A short press release today reads:  “China as early as next year could end its corn stockpiling program, an analyst with private firm Shanghai JC Intelligence Co. told Reuters. The stockpiling policy has inflated domestic prices, caused increased imports and resulted in a bulging inventory of older corn supplies in state-owned reserves. An official with a Chinese state-run think-tank told Reuters the government is “under huge pressure” to change its corn policy as it’s distorting domestic supply/demand balance.”  One can delete the word corn and add cotton, and have the same story.  Lets not be surprised if down the road China unwravels the cotton monster.

The Indian monsoon is forecast to make a more prominent appearance in about 10 days.  So far its performance has been lacking.  If one split India with a north-south vertical line, the western half is where most of the cotton is grown.  Rainfall has been deficient in the northwest.  India’s production has grown so much over the last decade that it could conceivably lose 10% from normal, or around 2.5 to 3.0 Mb.  This is ironically about the same amount of cotton that Texas is likely to gain due to almost perfect weather.  Table below shows our estimates by district of Texas yields.  Enjoy.
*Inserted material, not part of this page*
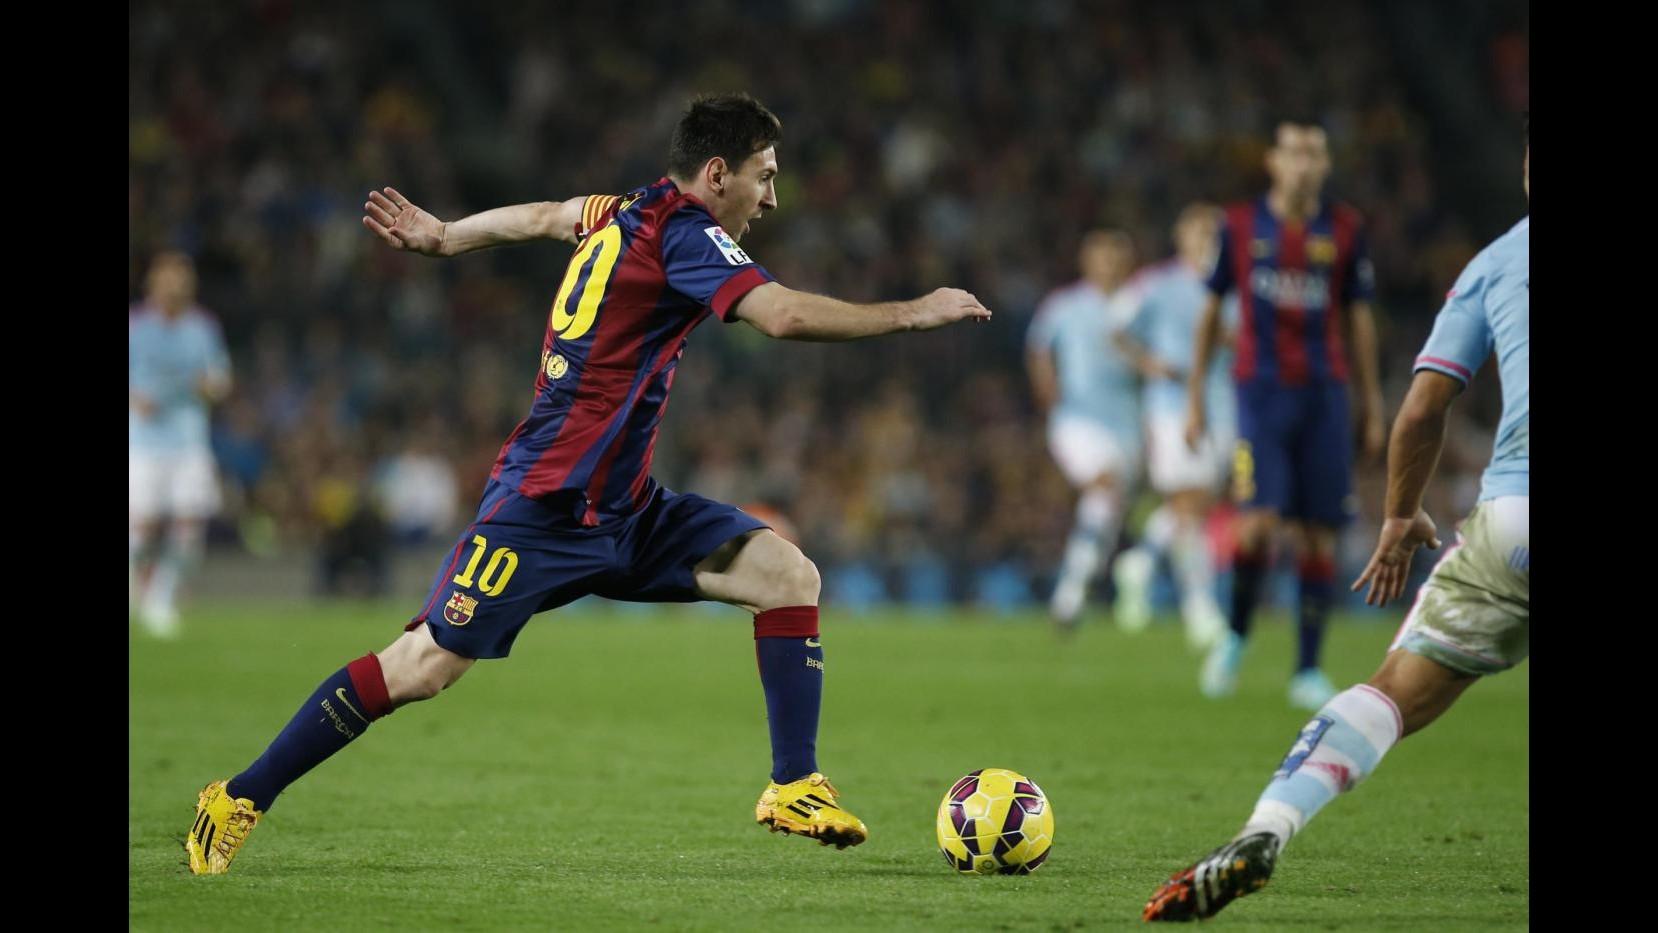 Barcellona, Messi apre a un possibile addio: A volte non tutto va come si vorrebbe

                                                Varner View

If China simply ceased stockpiling corn, cotton and other commodities, then it would be easy to figure out how much they would import.  A guess of the China cotton production is at 30 Mb, and they use 38 Mb, so they would theoretically import 8 Mb.  The US would come in for at most half that figure.  The USDA estimates that China will import exactly that amount, so the bureaucrats are doing the same simple math we are.  But what is left unsaid is what happens to the massive inventories of reserve commodities?  That’s where the wild cards are, and if China does decide to gradually empty the warehouses, then figuring out what the price will be is a whole different matter than just assuming the inventories stay as they are.  If China sells nothing from reserves, we think price tests the mid 60s.  If they sell off reserves, it’s a different ballgame.




The Dec continuous is attempting to fill a gap left from the roll of Dec 12 to Dec 13, right at 7200.  Momentum is extremely low, so expect a consolidation or small bounce.  Seasonals are negative.  Sell rallies of 2-3 days.